Thanks for the help. I have them on that amount per feeding, cause that's all I can get them to drink. They are also quite small for their ages. The larger lamb is 8lbs and the smaller lamb is 6lbs. They are both from twinnings where the mothers were unable to care for two lambs. I am slowly increasing the amount of replacer I give them as their appetites get a bit bigger. Multiplying the ammount of replacer at each feeding by four feedings daily puts the larger lamb at 32oz. daily and the smaller lamb at 24oz. daily. Right on track if you go by weight according to some sites I have found.

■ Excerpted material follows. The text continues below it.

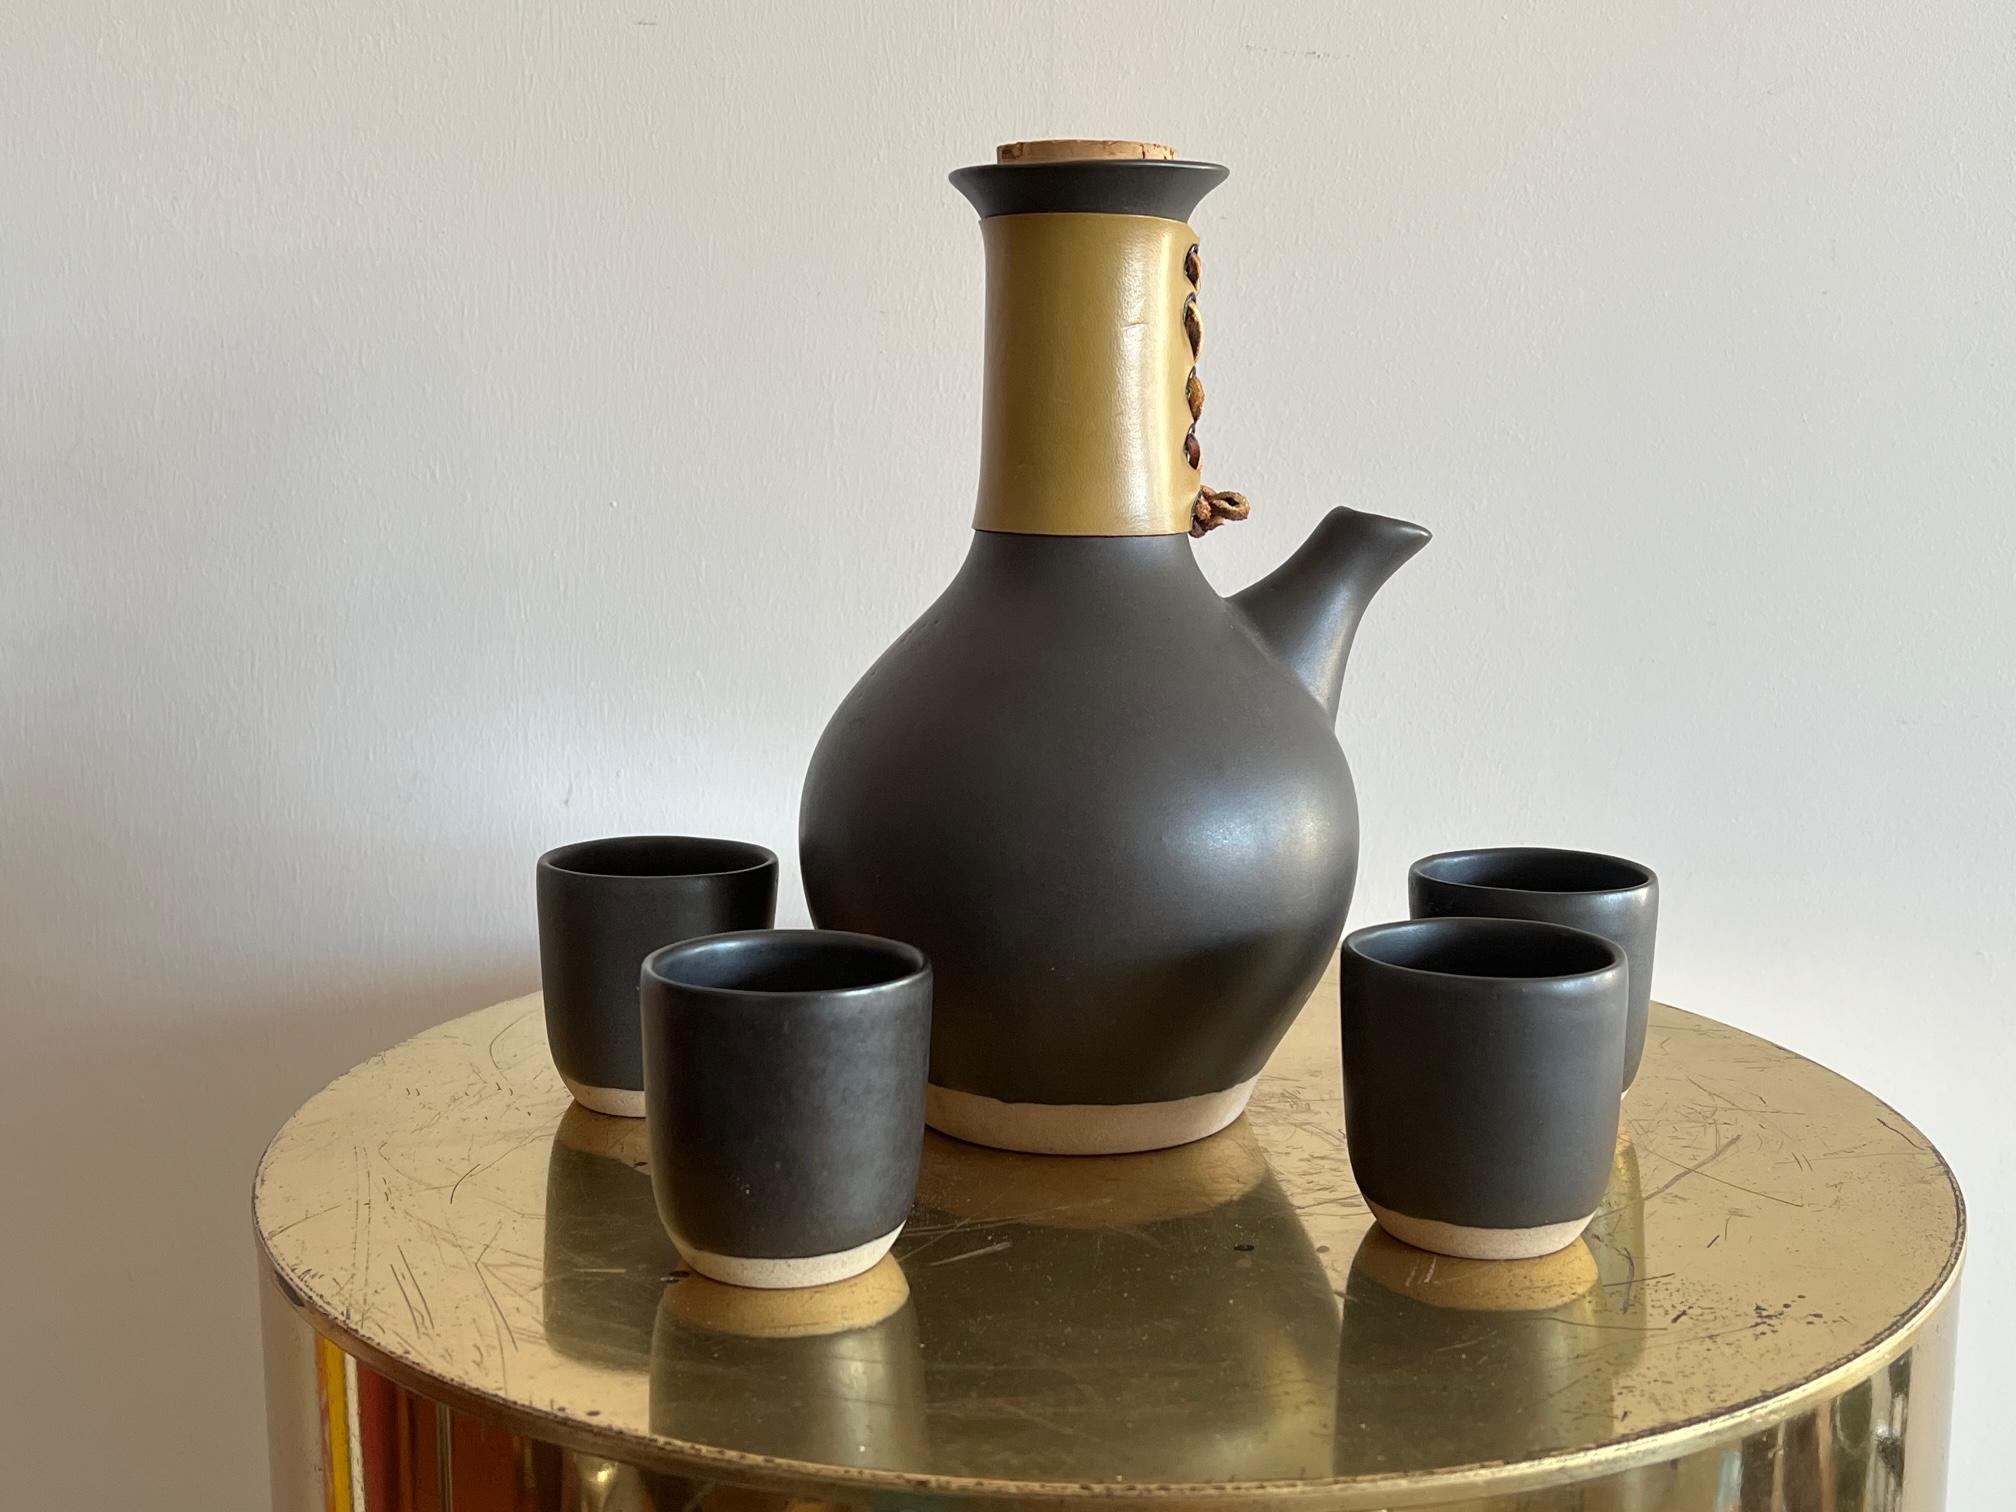 An elegant coffee or tea set by Marshall Studios/Martz consisting of a large coffee pot with leather holder and four matching cups. Beautiful dark brown/almost black glaze, handmade. Measures: The pot is approx. 10

Here are some updated pics of them!





The bigger lamb.





The smaller lamb. She is looking like she'll be a nice ewe. She has a nice straight back, long loin, and a nice carriage about her. Even in her young age she is nicely filled out.





This is both of them together grazing by the tree at mom's farm.


----------



## Royd Wood (Feb 27, 2012)

Great bottle babies and look at them grazing. I think you will do well with these ewes maybe win a first at the country show  Good to see some free range hens too
I just use warm water to get poop off
Good Luck


----------



## TheSheepGirl (Feb 27, 2012)

Thanks. I have gotten most of the poo off of her. It was warm Yesterday, so I went ahead and washed her off. I mixed a bit of dawn dish soap in warm water and scrubbed her off in the bathtub. It worked quite well and i kept her in the bathroom for a while until she was mostly dry.

I am certain to win a couple of firsts at the Fair since there are usually not any open class exhibitors there. Sort of sad really. I am also certain to win with my Shetlands and my other Wool sheep since the only sheep that are ever there are Suffolk and Hamp.

The hens are all free range with no fences. i love to do it that way, since it saves on feed and the eggs are so much better!


----------